Work task —
Please transcribe the data exactly as shown, skipping the images.

Exercise data —
■ ■ ■ ■ ■
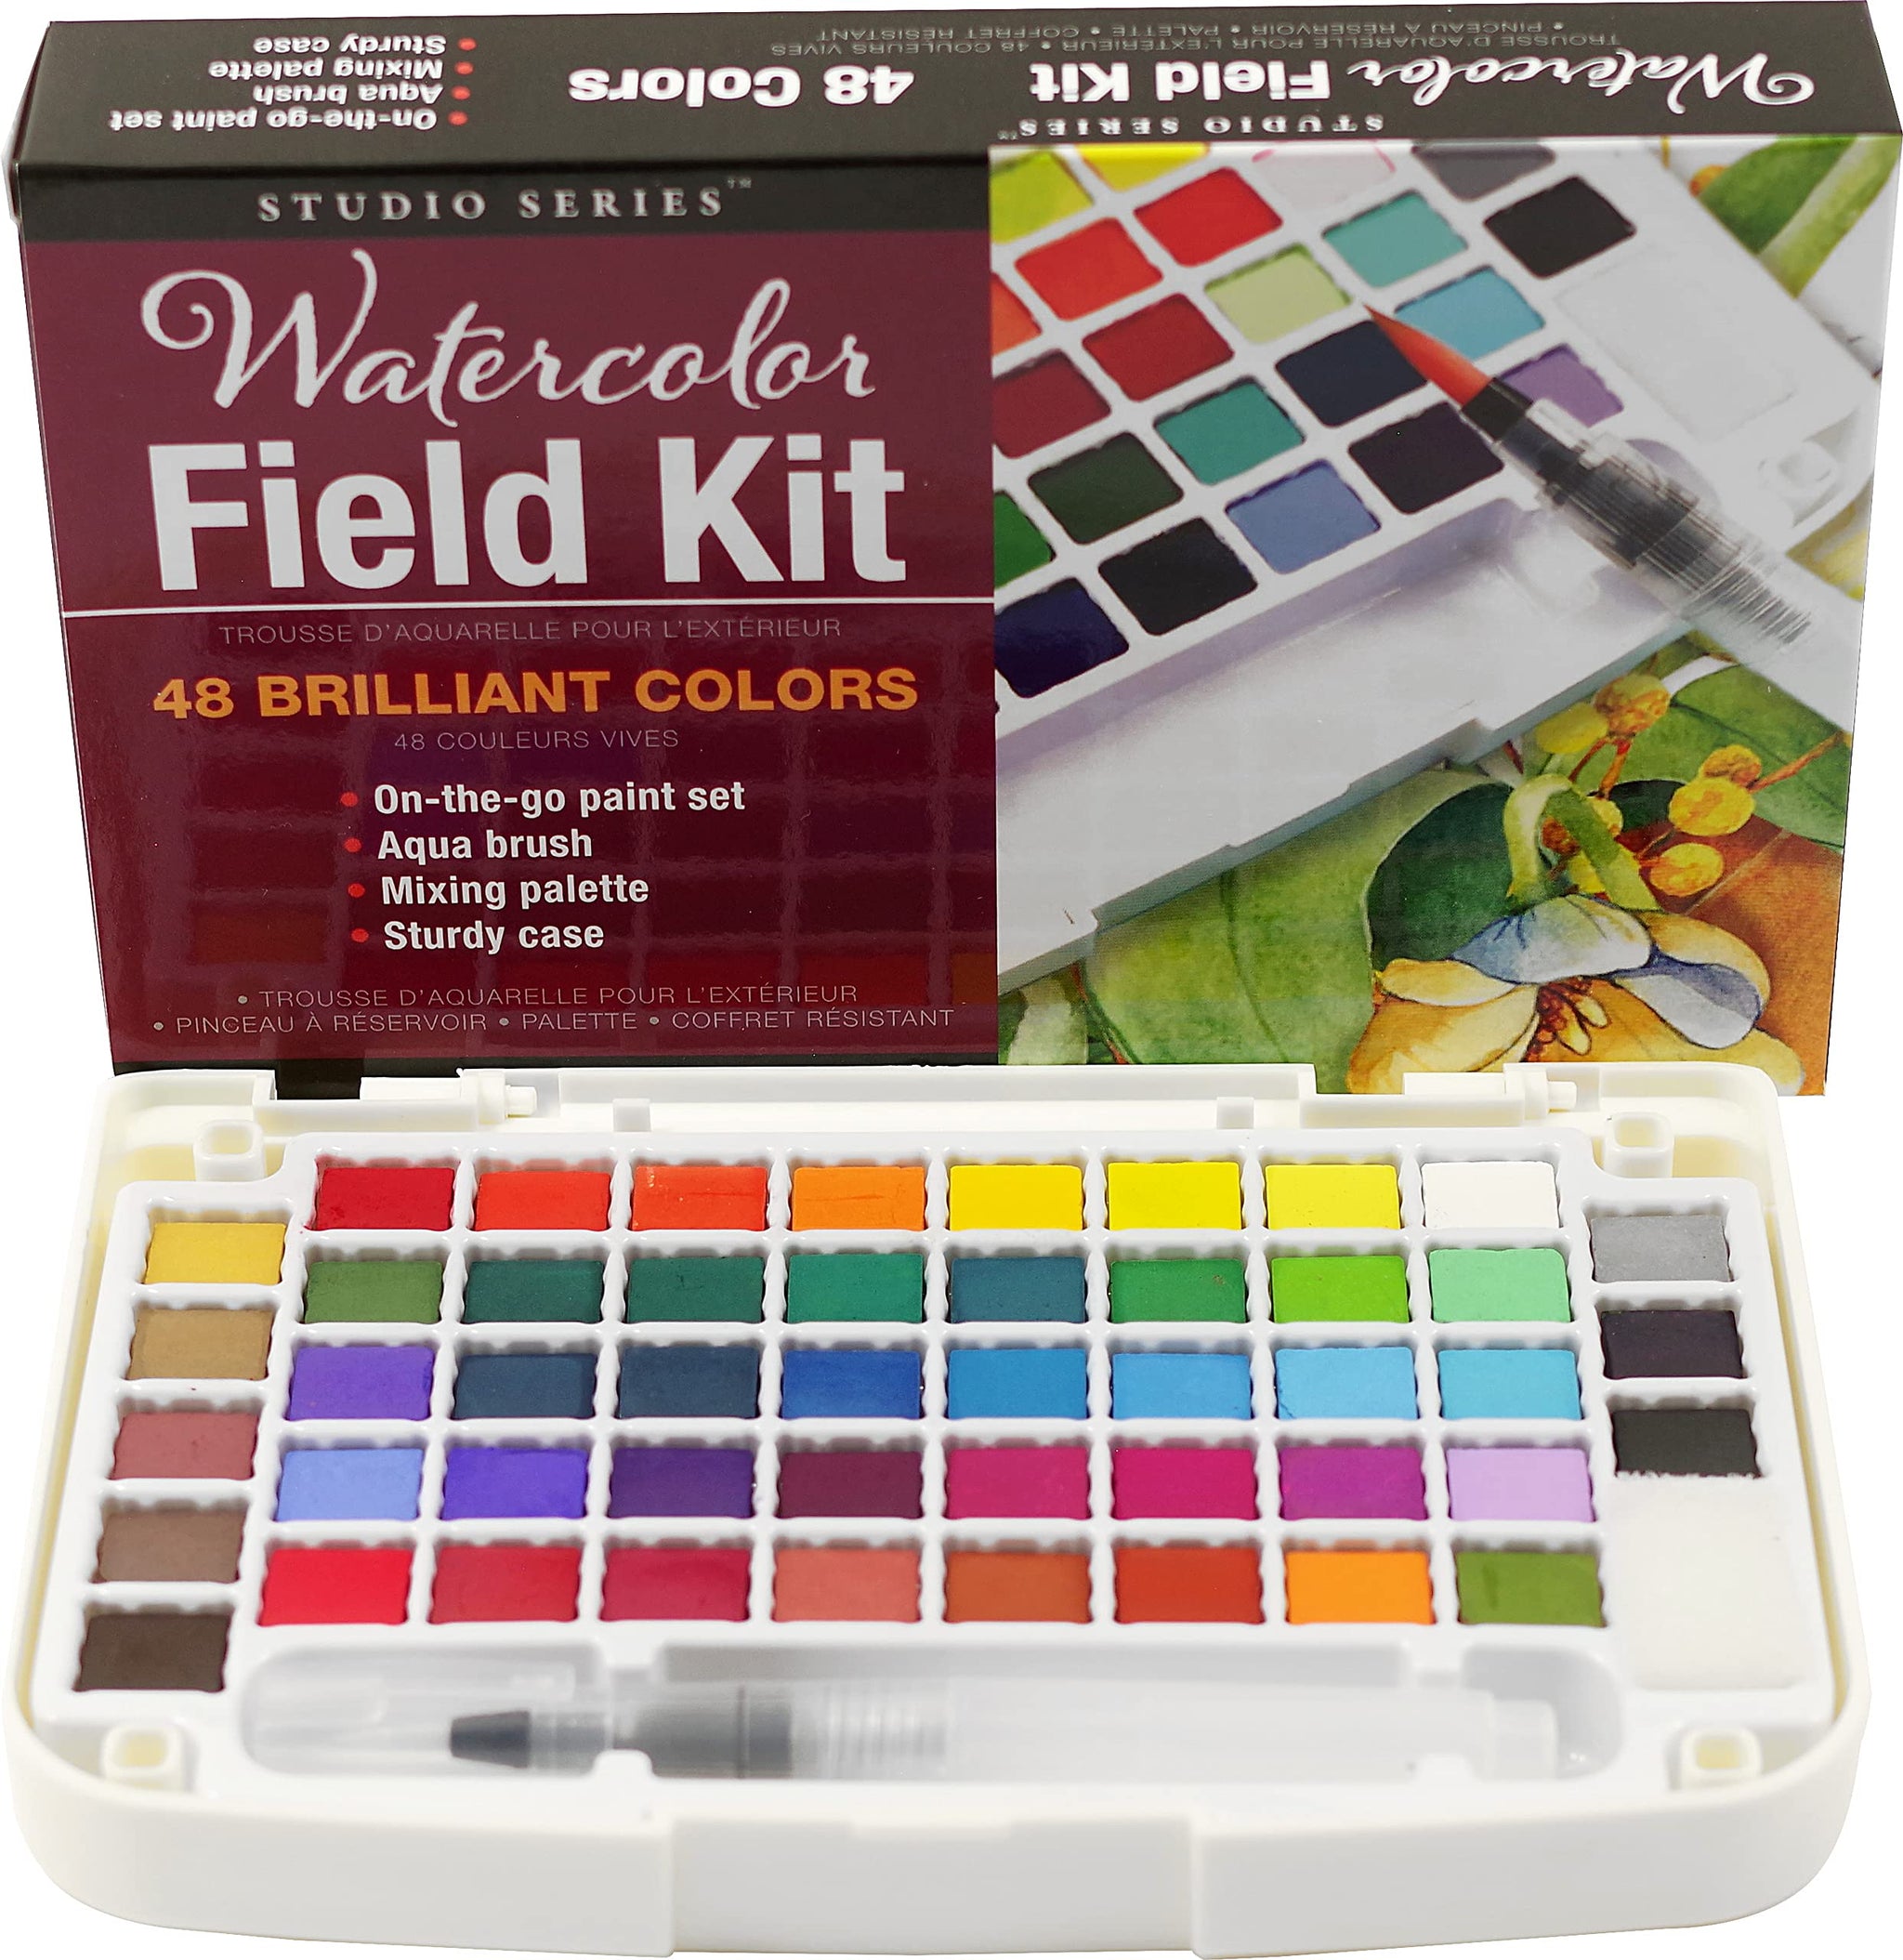 Watercolor Field Kit - West Side Kids Inc
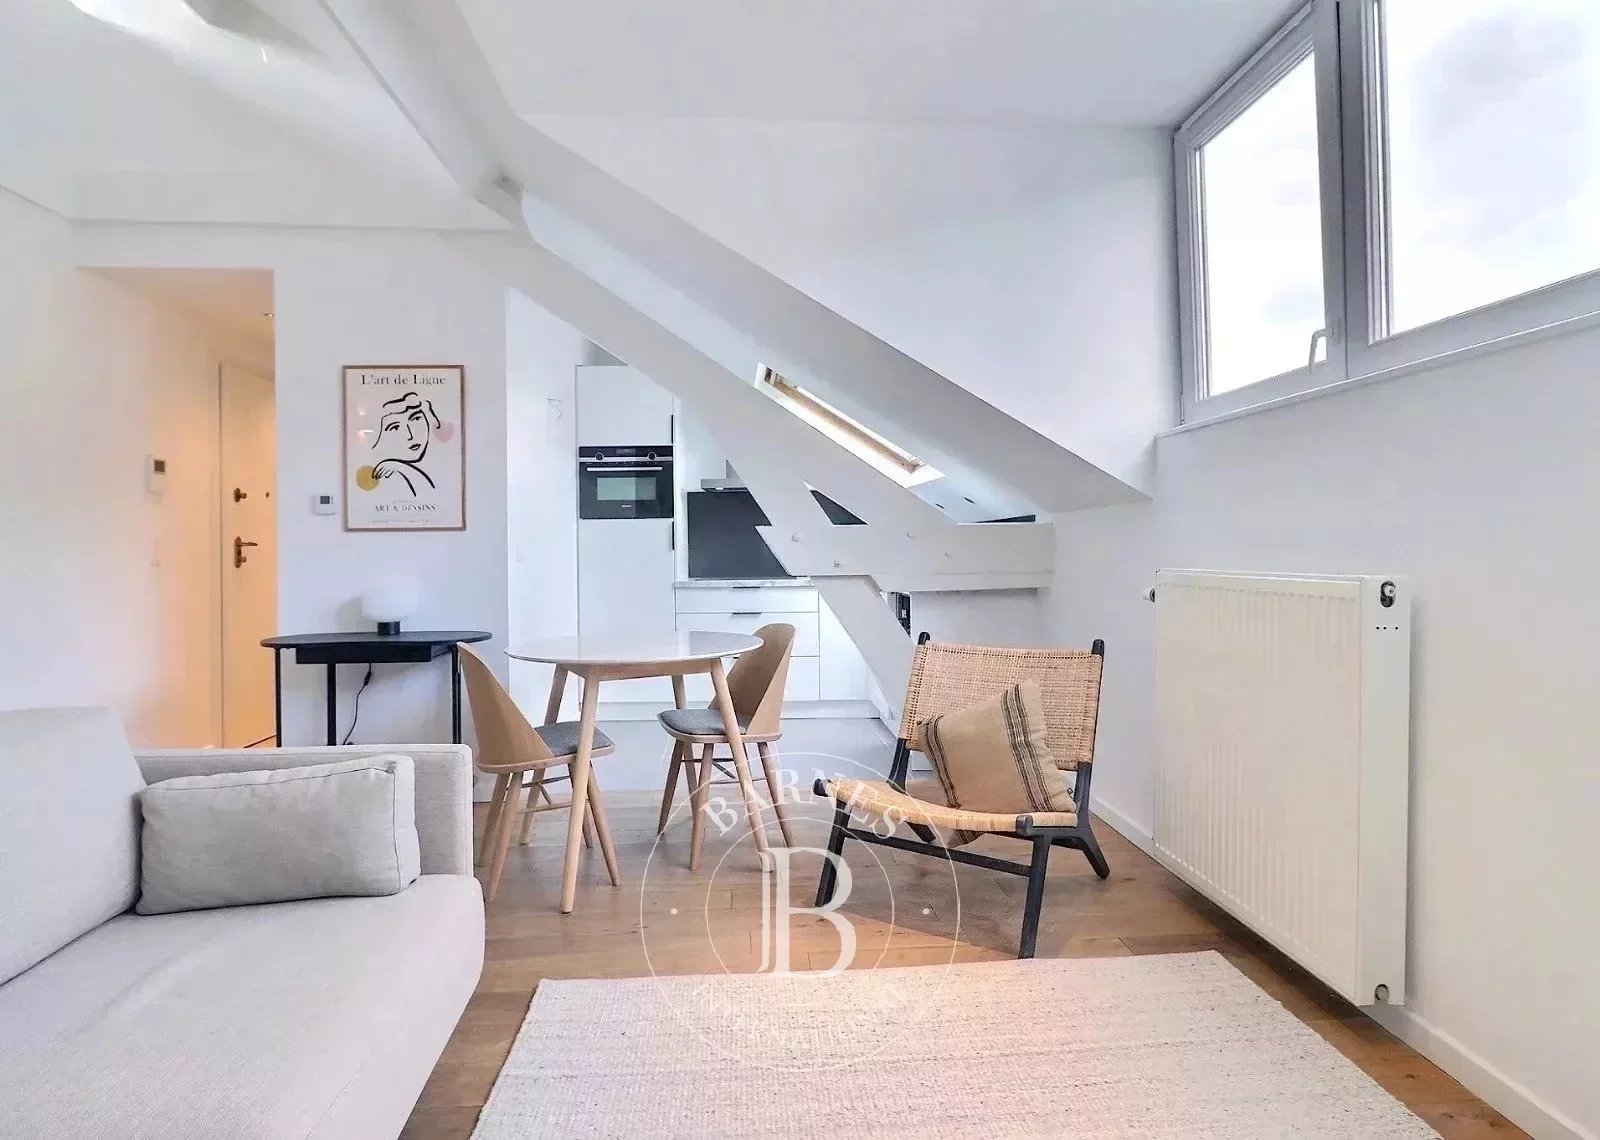 Boulevard Adolphe Max – Appartement 1ch neuf et meublé + mezzanine
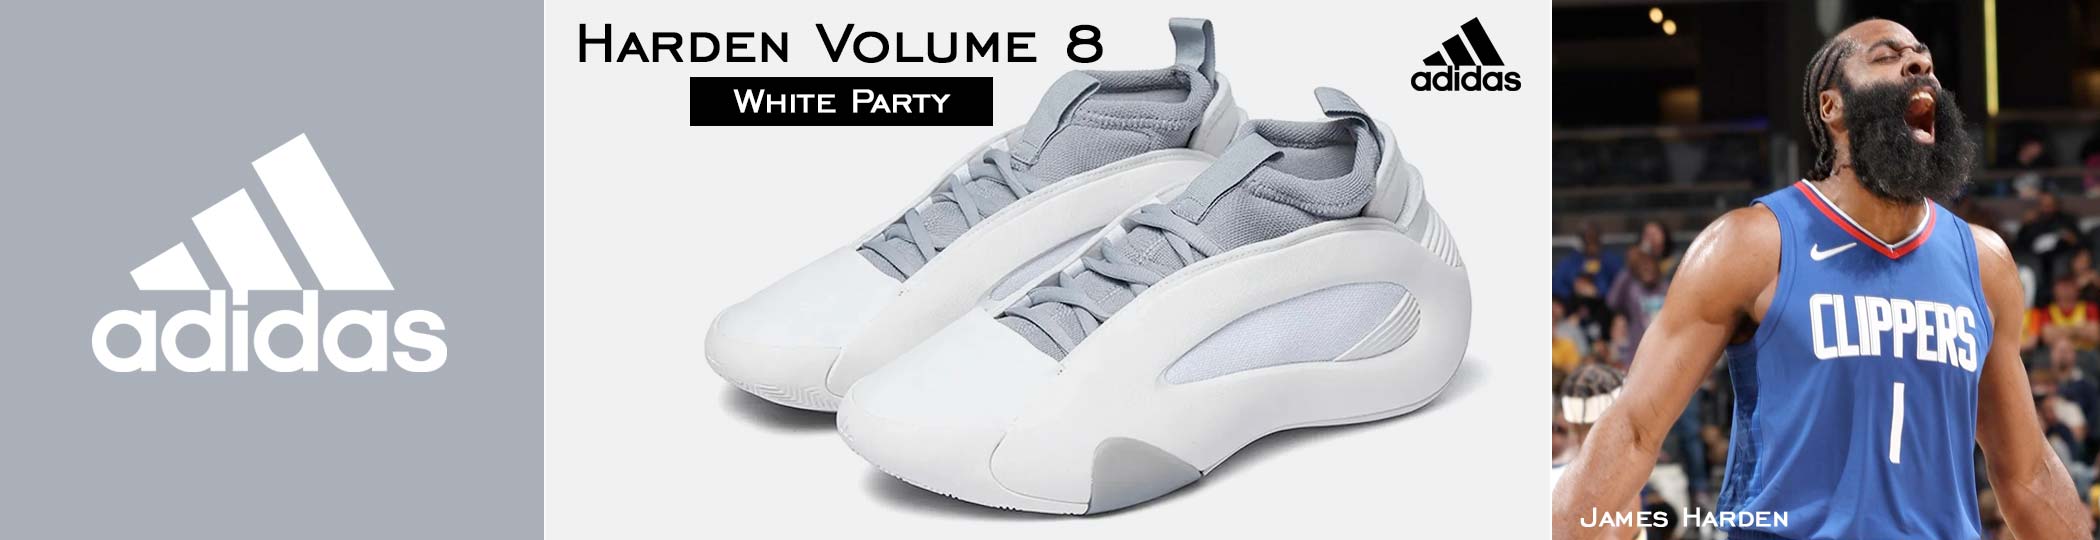 Harden Volume 8 - White Party
■ ■ ■ ■ ■
Answer —
 Watercolor Field Kit - West Side Kids Inc
 Boulevard Adolphe Max – Appartement 1ch neuf et meublé + mezzanine
 Harden Volume 8 - White Party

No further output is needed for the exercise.